Nizza non ha risollevato le sorti
dell’Europa: moriremo forse azionisti di questa patria, piuttosto che suoi
cittadini? Per ora sappiamo soltanto che ci tocca usarne il denaro, parlare
l’unica lingua che il mondo economico europeo conosca, quella dell’Euro, e
tacere per il resto. Nessun battaglione sarà chiamato “forze armate europee”,
né, tanto meno, si è voluto dare soluzione ai vari intoppi politici, ai quali
una così disomogenea struttura da luogo. Soldi. Di soldi si è parlato a Nizza,
e tutti sappiamo come i soldi siano valori deboli, ai quali ci si aggrappa
quando non si ha di meglio da offrire. Soldi, dicevamo. Non speranze comuni
alle quali guardare tutti insieme, non prospettive, seppur vaghe, di un futuro
che ci attende, né, ancora, linee politiche da seguire per lasciare in eredità,
alle future generazioni, quanto meno l’incombenza morale di sbrigarsela loro,
la faccenda dell’unione politica: niente di tutto questo. Soldi e, quel che è
peggio, bieca “amoralità” globale.
Ci avevano
pensato lo scarso anno, i Signori dell’Euro, ha dimostrare quanto melensa fosse
l’ideologia con la quale imbevono i loro discorsi, quanto superficiale fossero
le loro analisi, quanto discutibili le loro scelte morali.

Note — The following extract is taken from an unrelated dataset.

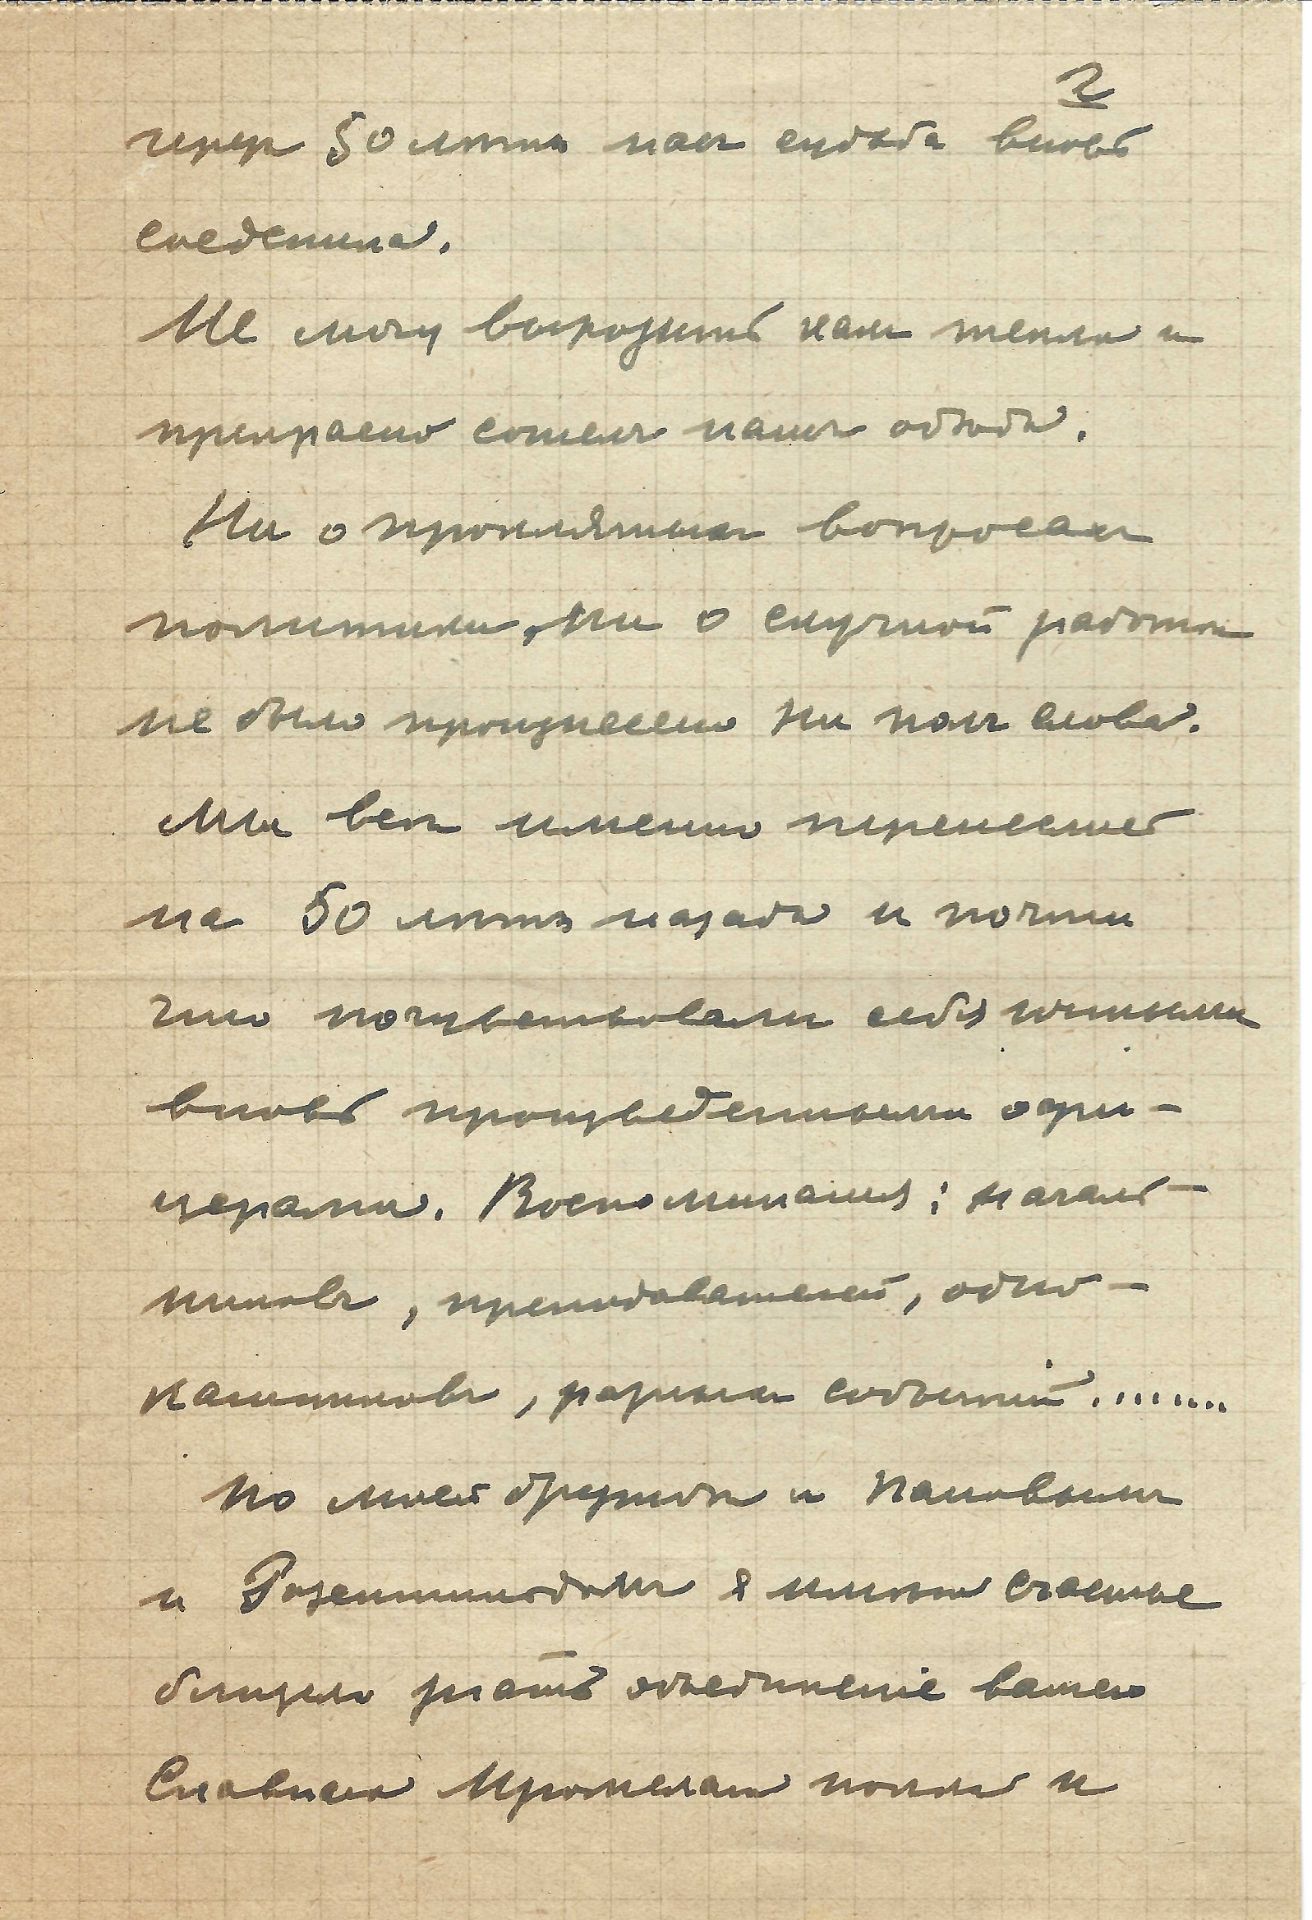 ARCHIVES d’Andreï BALASHOV (1889-1969) • Correspondances avec A.Efremov (1878-1964) en France, V. - Image 6 of 39

Erano i primi mesi
dell’anno 2000, quando quattordici paesi dell’Unione si scagliarono contro i
risultati elettorali austriaci: andava al potere il partito liberalnazionale di
Haider, accusato di antisemitismo e razzismo. Chi è Jorg Haider, tra l’altro
governatore della Carinzia, credo sia noto ai più, tante sono state infatti le
polemiche per una sua visita, di recente, nella capitale, con lo scopo di
consegnare l’abete natalizio al papa. Giorni di guerriglia, per i giornalisti,
che facevano ressa per accaparrassi una battuta del politico austriaco, ogni
qualvolta questi metteva il naso fuori dal suo albergo, e ressa per i
poliziotti, che hanno dovuto arginare la solita “manifestazione pacifica” dei
centri sociali, ma che non hanno sconvolto un pontefice, che ha incontrato veri
e propri criminali, non per ultimo il dittatore cubano Castro. Il colonnato di
piazza San Pietro, ideato dal Bernini, del resto, è tutto un programma:
abbraccia l’umanità, quell’umanità che aspetta di essere redenta, le pecorelle
smarrite, non quelle ancora nel gregge. Quello che magari è poco noto, o sul
quale magari non si riflette abbastanza, è che Haider sarà pure un uomo dalle
idee “poco rassicuranti”, ma non meno di quanto lo siano quello che molti
uomini politici europei, cominciando dal presidente francese Chirac, tengono
chiuse nell’armadio. L’Europa, piaccia ammetterlo o no, nasce sulle macerie di
due conflitti, che hanno diviso enormemente le coscienze dei suoi cittadini.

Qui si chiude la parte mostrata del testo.